Learning Low-Level Vision

This paper is one of the prominent research in applying MRF to computer vision problems in the early days. The author demonstrates that 3 problems (super-resolution, intrinstic image and motion estimation) can be solved efficiently through proper modelling with MRF. Although the author titled this approach as a "learning" process, the computational problem we actually solve is combinatorial optimization over a huge number of states. Such scale of search space was previously explored only possible with generic local search algorithms such as simulated annealing, GA, etc., which often returns weak local optima.

 

A Markov random field consist of two components: nodes and edges. Each node wanders among a pre-determined set of possible states, which each corresponds to a local decision with actual meaning. An energy function is then designed to encourage the nodes' decisions to suit our purpose, based on the individual decision of each node and the decisions of the two ends of each edge. That is the concept of MRF optimization.

 

Formulating problems under the MRF framework involves to find the data term and the smoothness term energy functions. The data term, sometimes called the evidence term, measures how a decision of one node is locally supported by statistics of the problem instance. The smoothness term, on the other hand, measures how one node's decision is compatible with the other one's on the common edge. The definition of both functions is nevertheless set free to the designer.

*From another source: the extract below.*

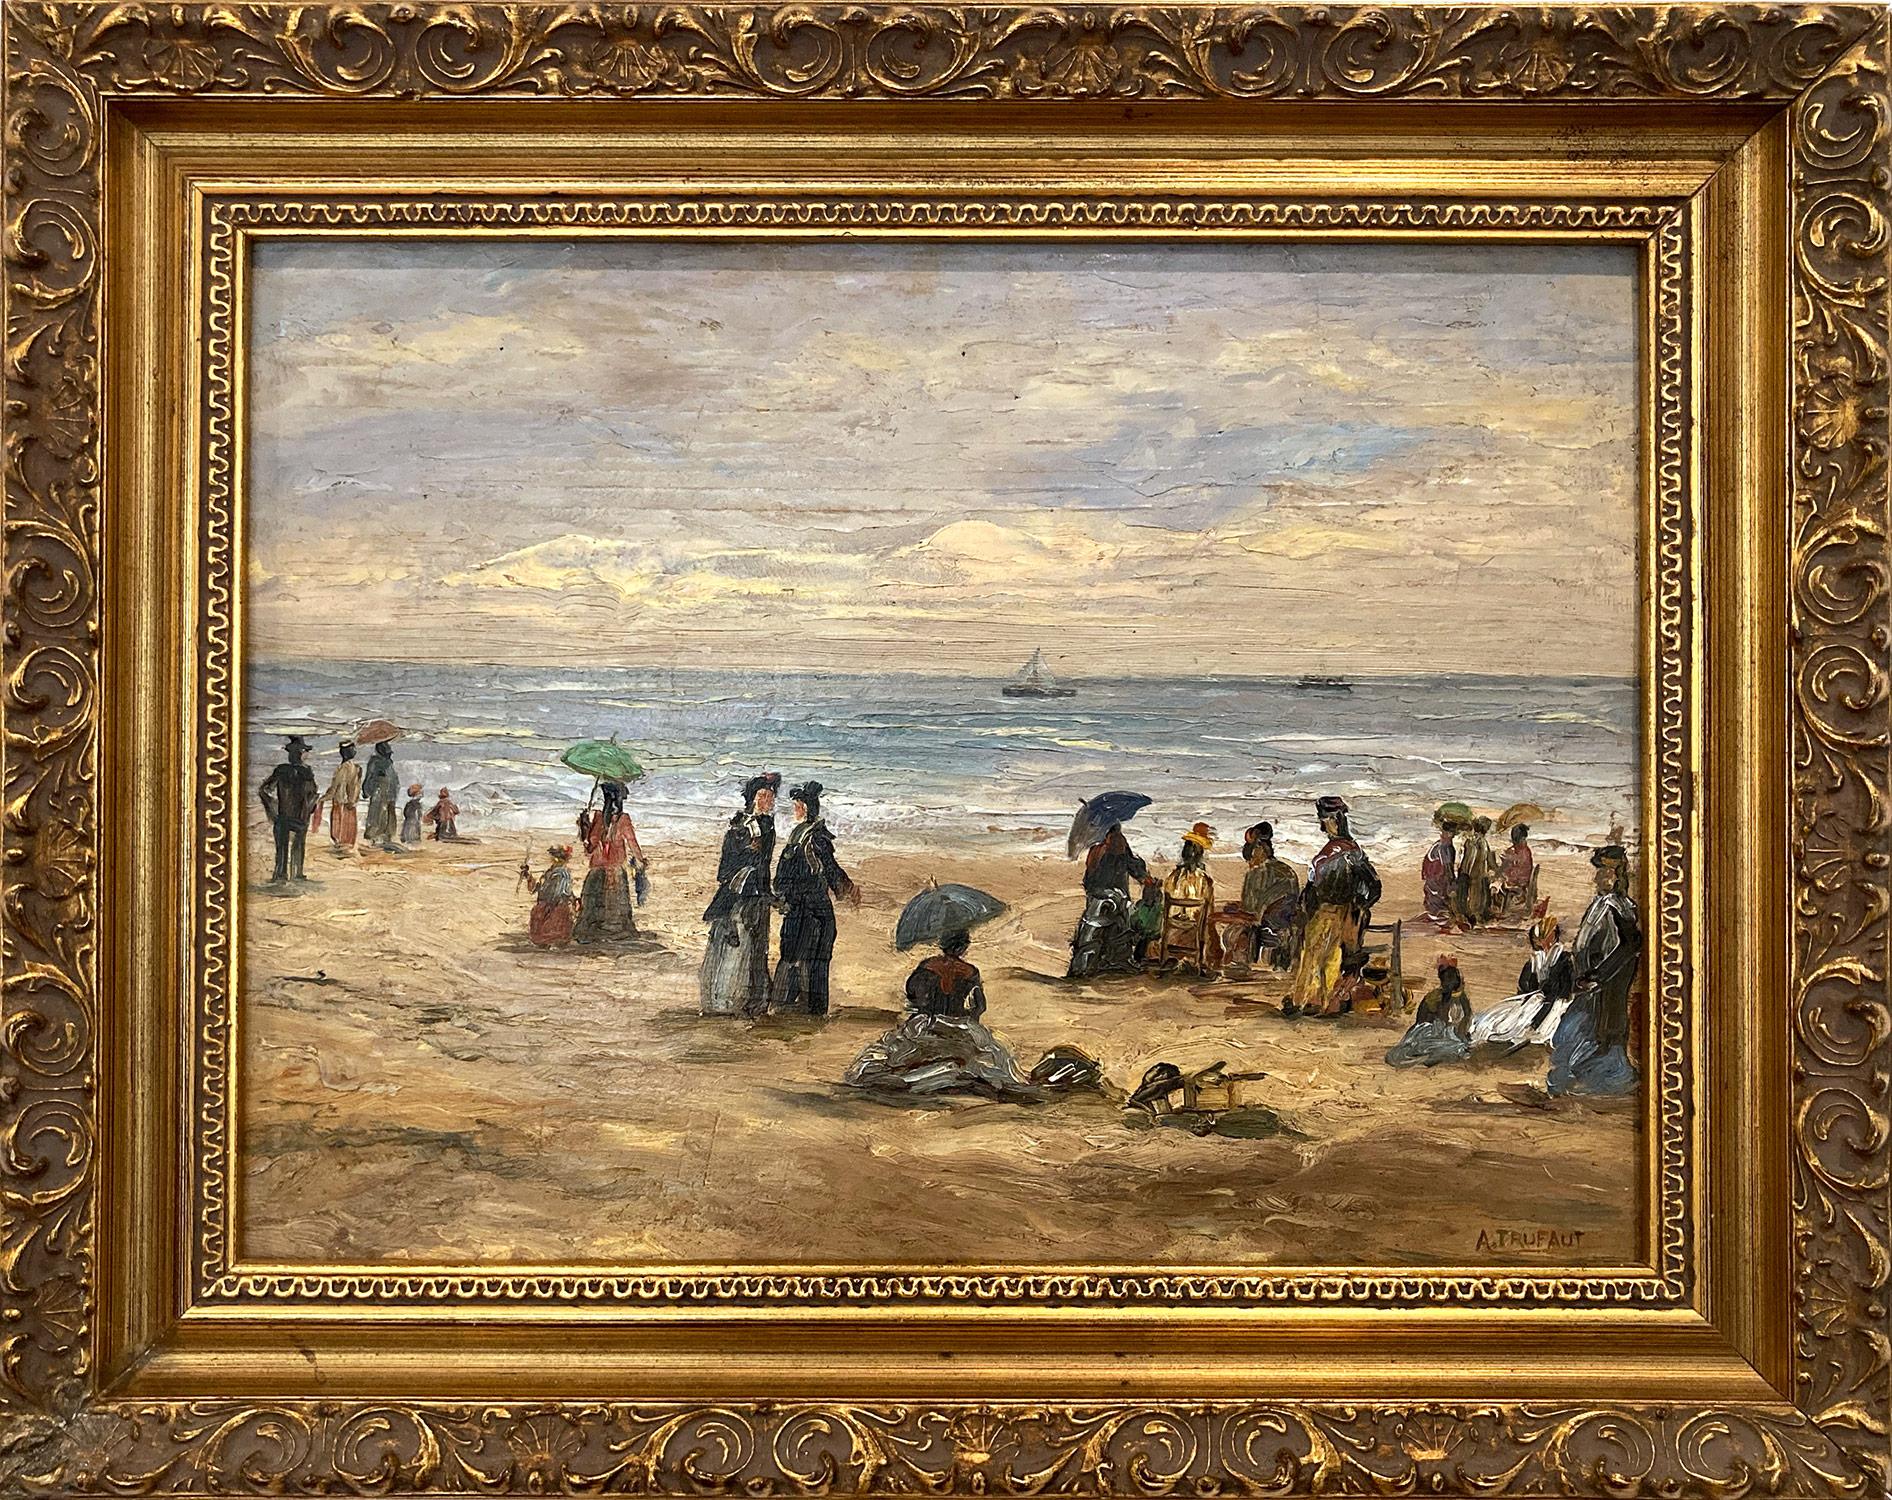 A. Trufaut  Figurative Painting - "La Cote Normandi" Beach Scene Early 20th Century Impressionistic Oil Painting 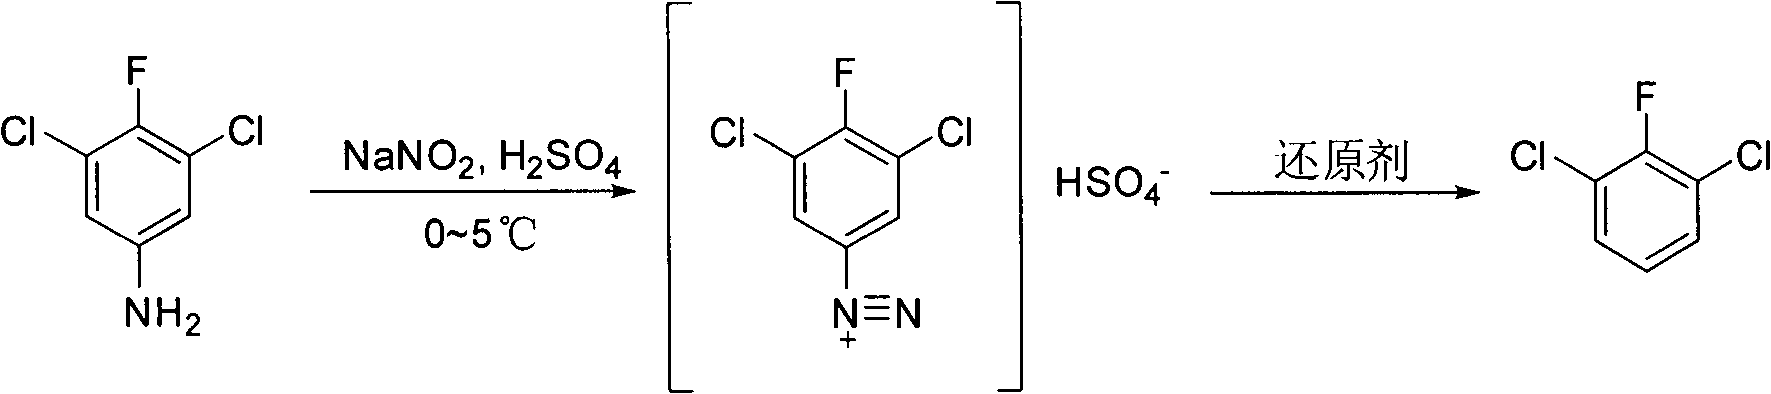 Preparation method of 2, 6-dichlor fluorbenzene

For example, in this paper the author choose example patches from a large dataset for the possble states of MRF nodes. This formulation effectively quantize the huge decision space to a few most "nature" ones. The resulting MRF problem is then solved with belief propagation.

 

Strictly speaking, the answer we found through belief propagation is still local optima, just with theoretical guarantees of higher quality. The visual quality of answer, however, turns out to meet most people's need in many cases. BP is certainly not the only way we can solve MRF problems. In the recent years, a lot of new solvers were proposed, including graph cut and tree-reweighted message passing. They all provide solutions with even higher quality in more efficient ways. The remaining problem would be to find a really suitable energy for your problem, which is, after all, the fundamental diffculty in the algorithm design.